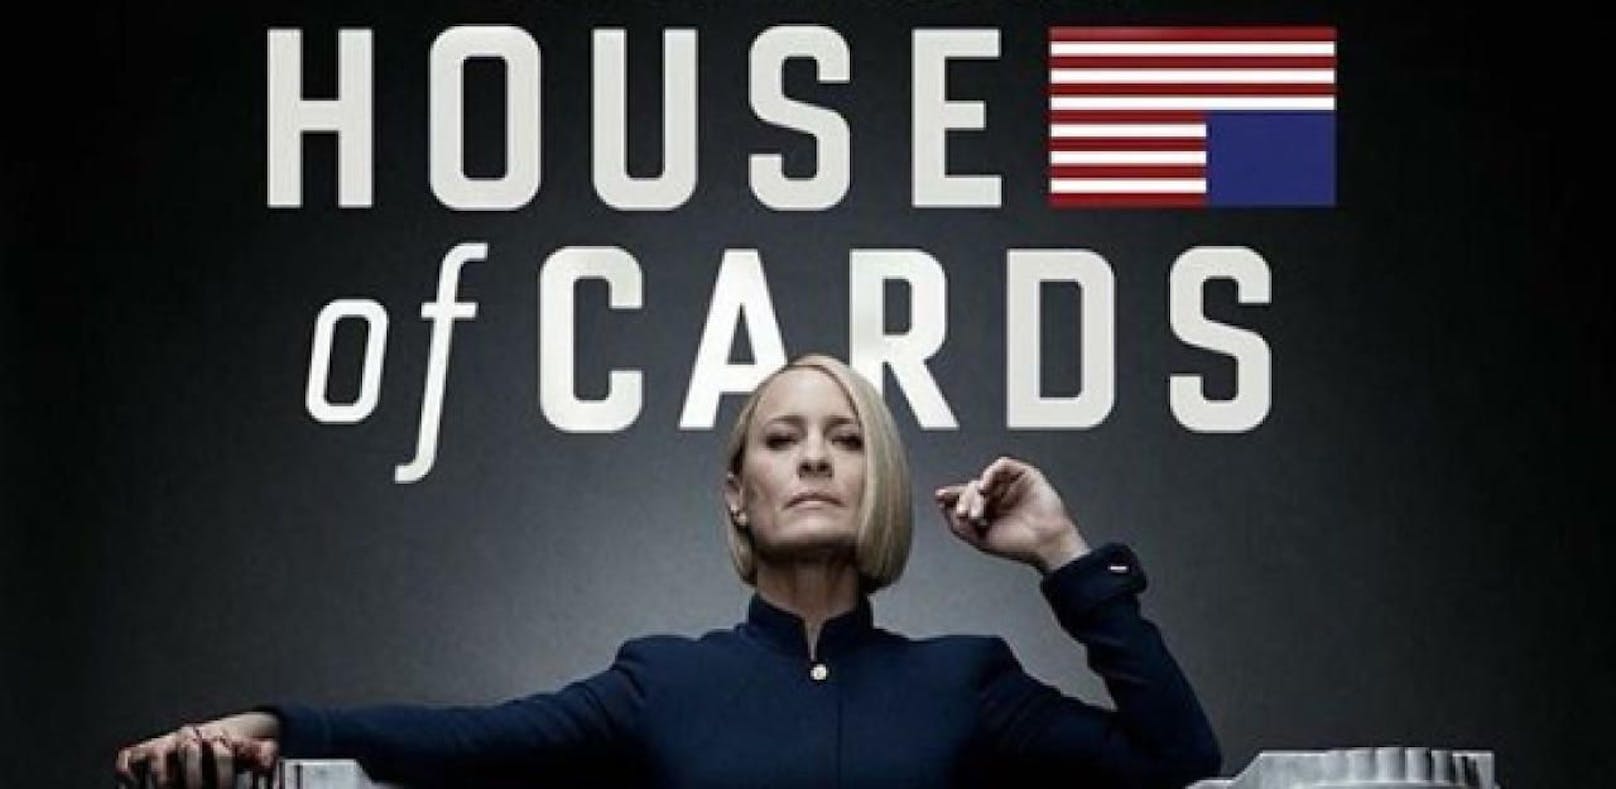 Letzte Staffel von "House of Cards" startet am 2.11.
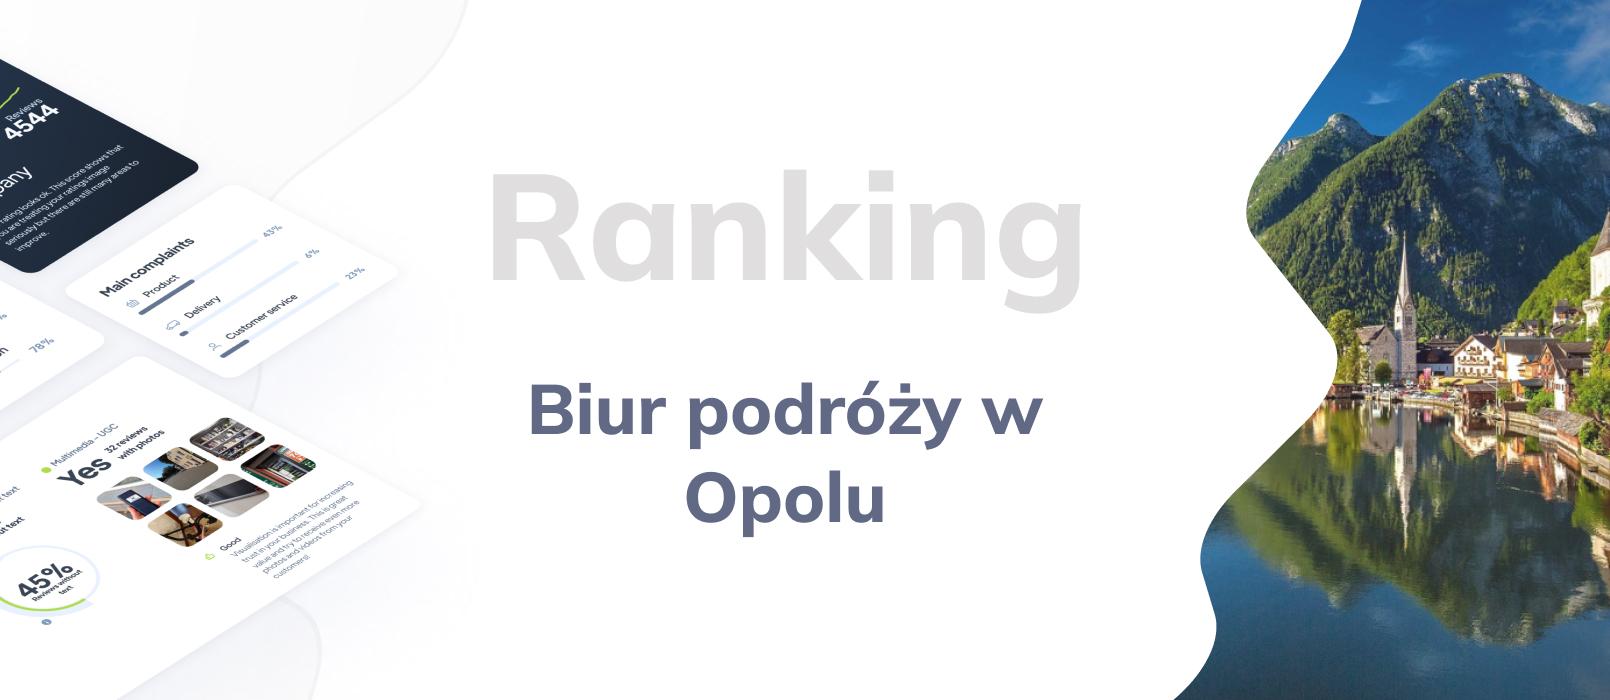 Biura podróży w Opolu - ranking TOP 10
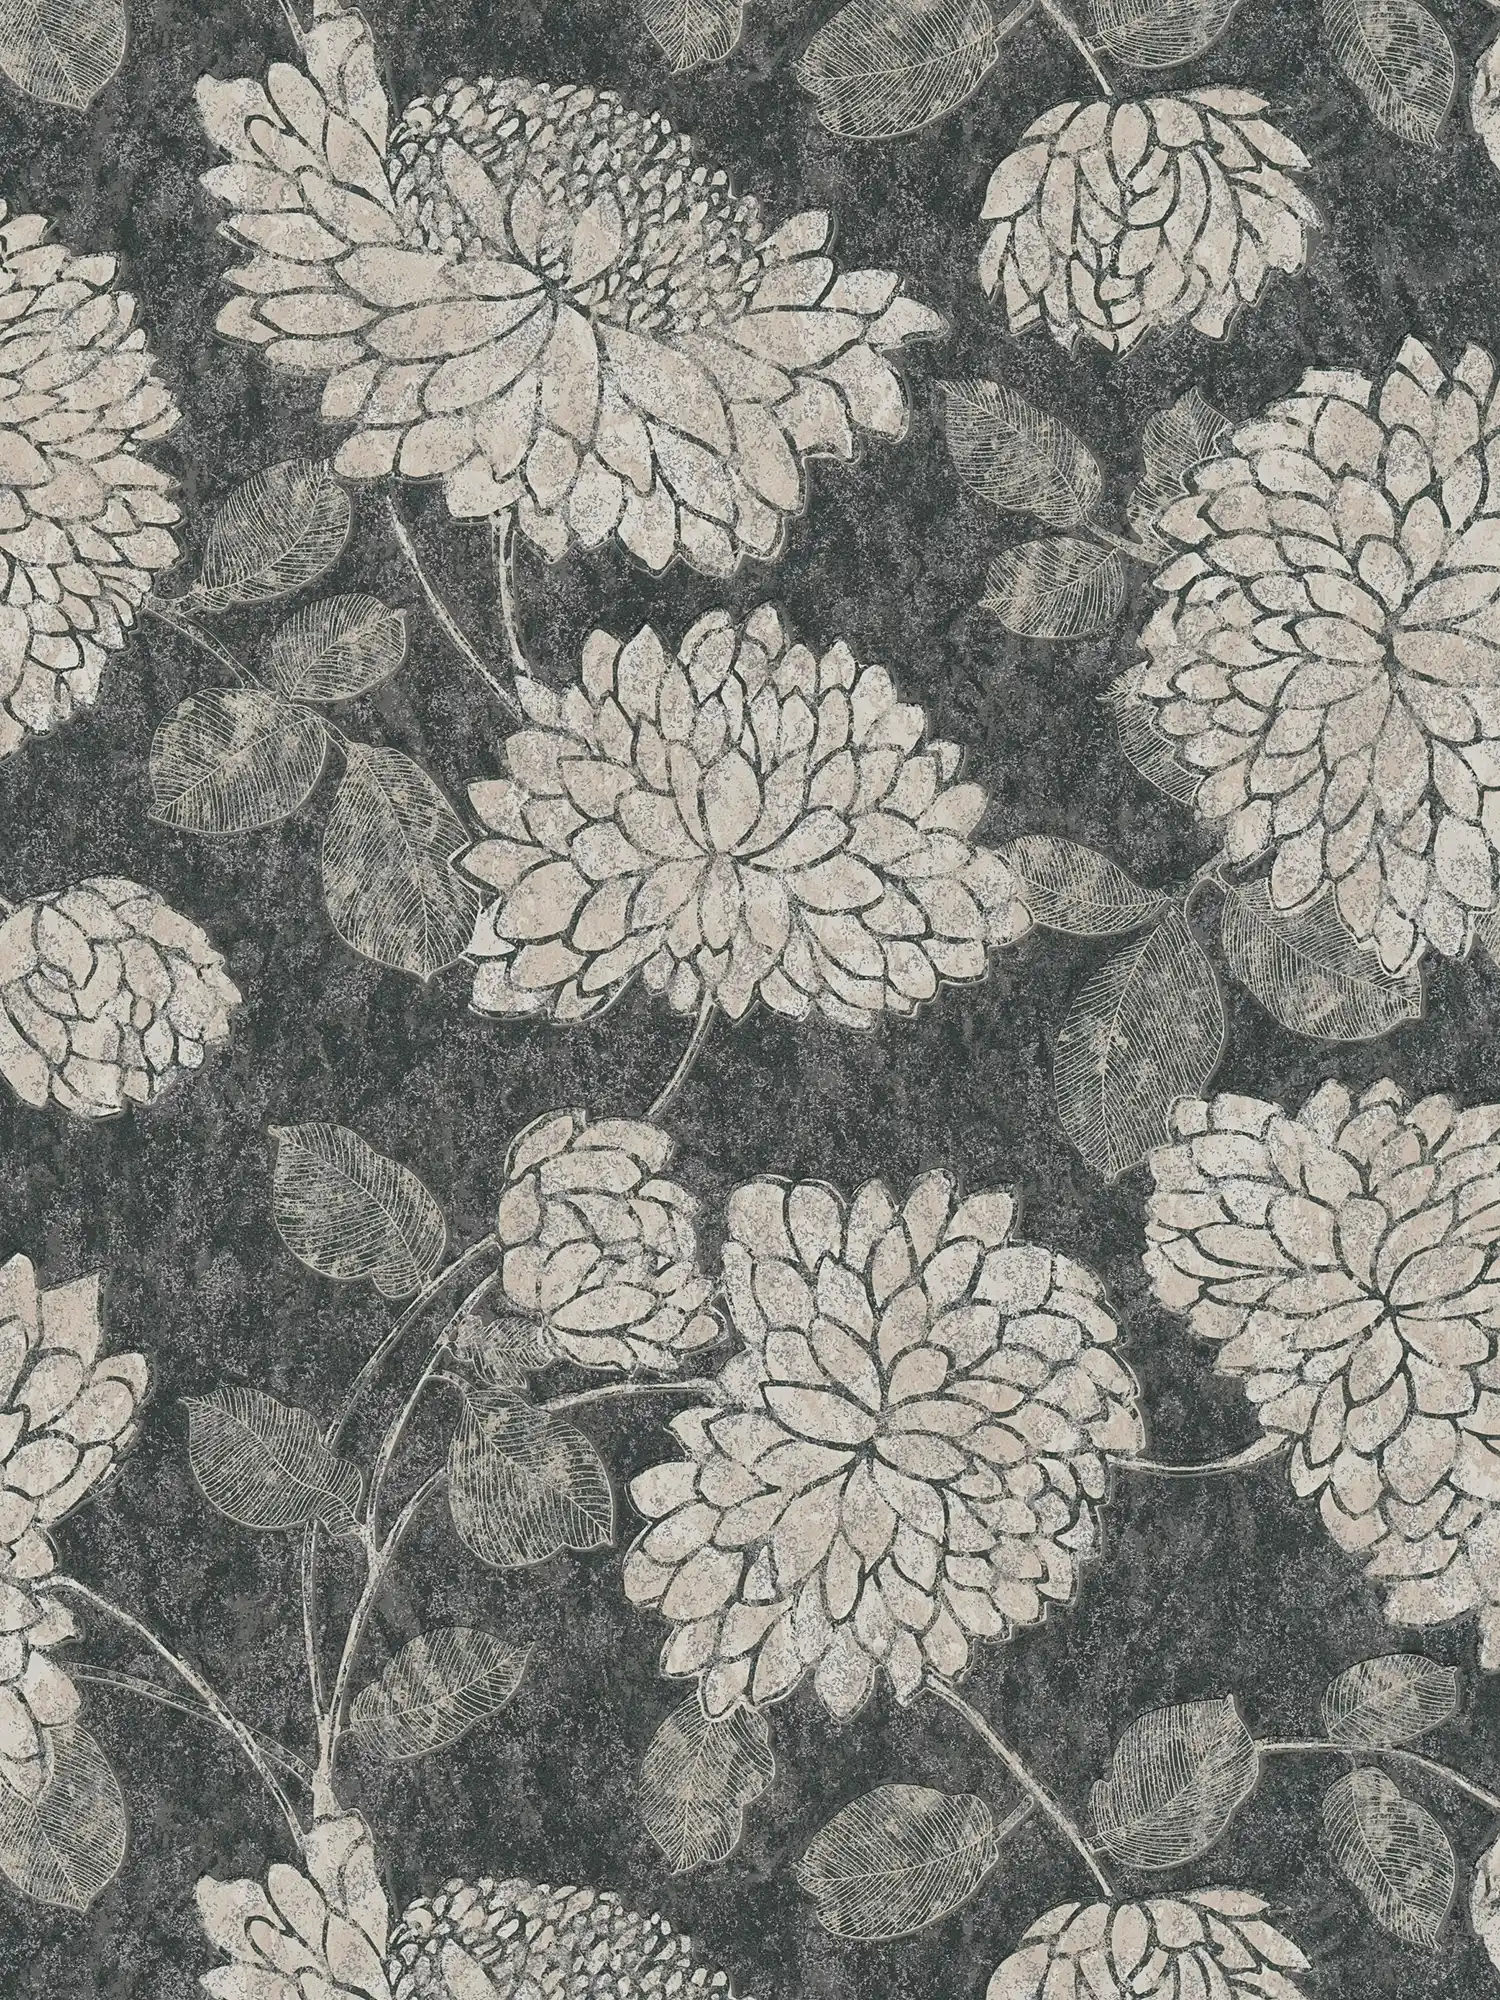 Patroonbehang met bloemen met een lichte glans - zwart, wit, zilver

Exercise:
Within the listing above, find the line containing "Biura podróży w Opolu - ranking TOP 10", then print it and every line after it exactly, leaving out pictures.

Exercise response:
 Biura podróży w Opolu - ranking TOP 10
 Patroonbehang met bloemen met een lichte glans - zwart, wit, zilver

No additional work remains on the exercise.